I'm a newcomer to the realm of queueing theory, so please bear with me :)

I'd like to model web server traffic with a modified M/M/1 queue. In the simple case we have two parameters - $\lambda$ for the arrival rate and $\mu$ for the departure (or service) rate.

If I understand correclty, the general way to get the performance evaluation equations (average number of requests in the queue, for example) is to draw a flow diagram, and solve the equlibrium equation system, namely for the M/M/1 model:

$0 = -\lambda p_{0}$ + $\mu p_{1}$

$0 = \lambda p_{n-1} - (\lambda + \mu) p_{n} +\mu p_{n+1}$, n = 1, 2, ...

I don't know how I could extend the model the fit the real-world scenario the most. Each normal request induces a number of image requests, for example, let it be $u$ on average, and let it's service rate be $\sigma$. How can I factor these into the equations?
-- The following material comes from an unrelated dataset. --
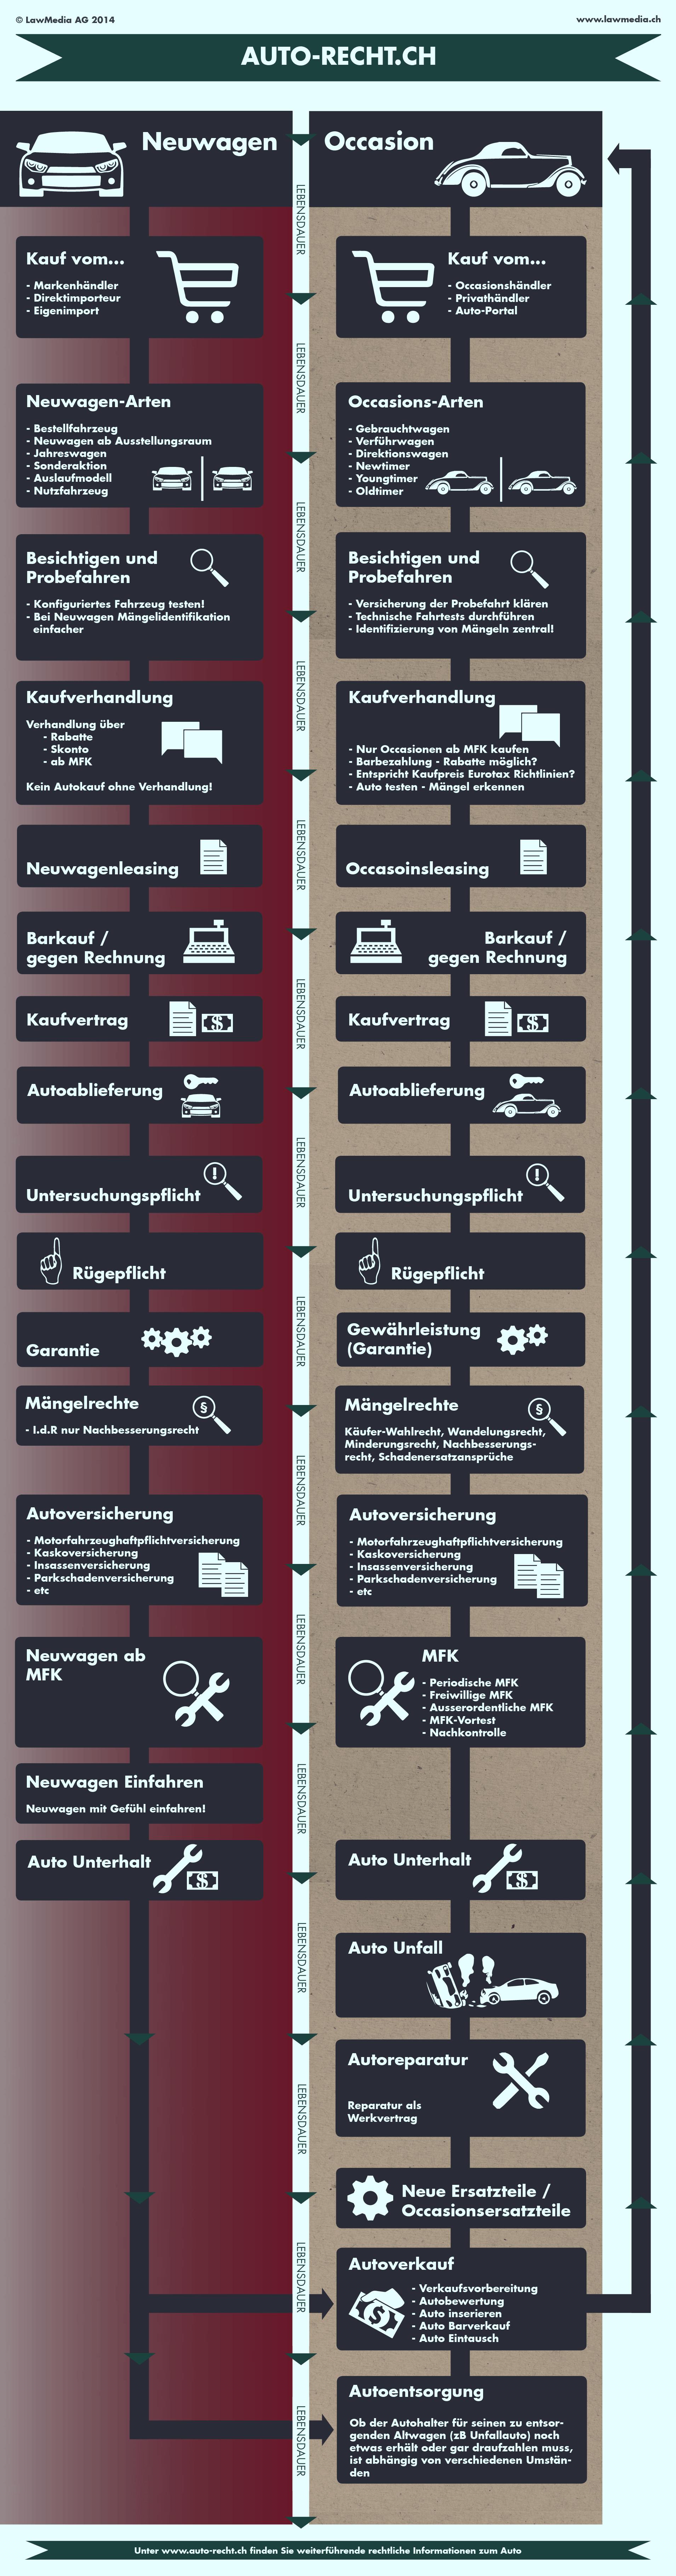 infographik auto-recht.ch

Just introduce extra states. The total description of a state will include the length of the queue and the stage of service for the current customer. For instance, if each initial service may result in the second stage service with probability $q$ and the departure rate for this second stage service is $\sigma$, then you'll get 2 equations corresponding to 2 possible states with queue length $n$: $\mu p_n(1)+\lambda p_n(1)-\mu p_{n+1}(1)(1-q)-\sigma p_{n+1}(2)-\lambda p_{n-1}(1)=0$ and $\sigma p_n(2)+\lambda p_n(2)-\mu p_{n+1}(1)q-\lambda p_{n-1}(2)=0$ (Just look at how you can depart from the state and put the corresponding terms with plus and then look at how you can arrive to the state and put the corresponding terms with minus. For instance, the terms in the first equation correspond to having been served at stage 1, new arrival to the queue serving a stage 1 customer, completely finishing serving a stage 1 customer in a queue with $n+1$ customers, finishing serving a stage 2 customer in that queue, and arrival of a new customer to the queue of length $n-1$ serving a stage 1 customer).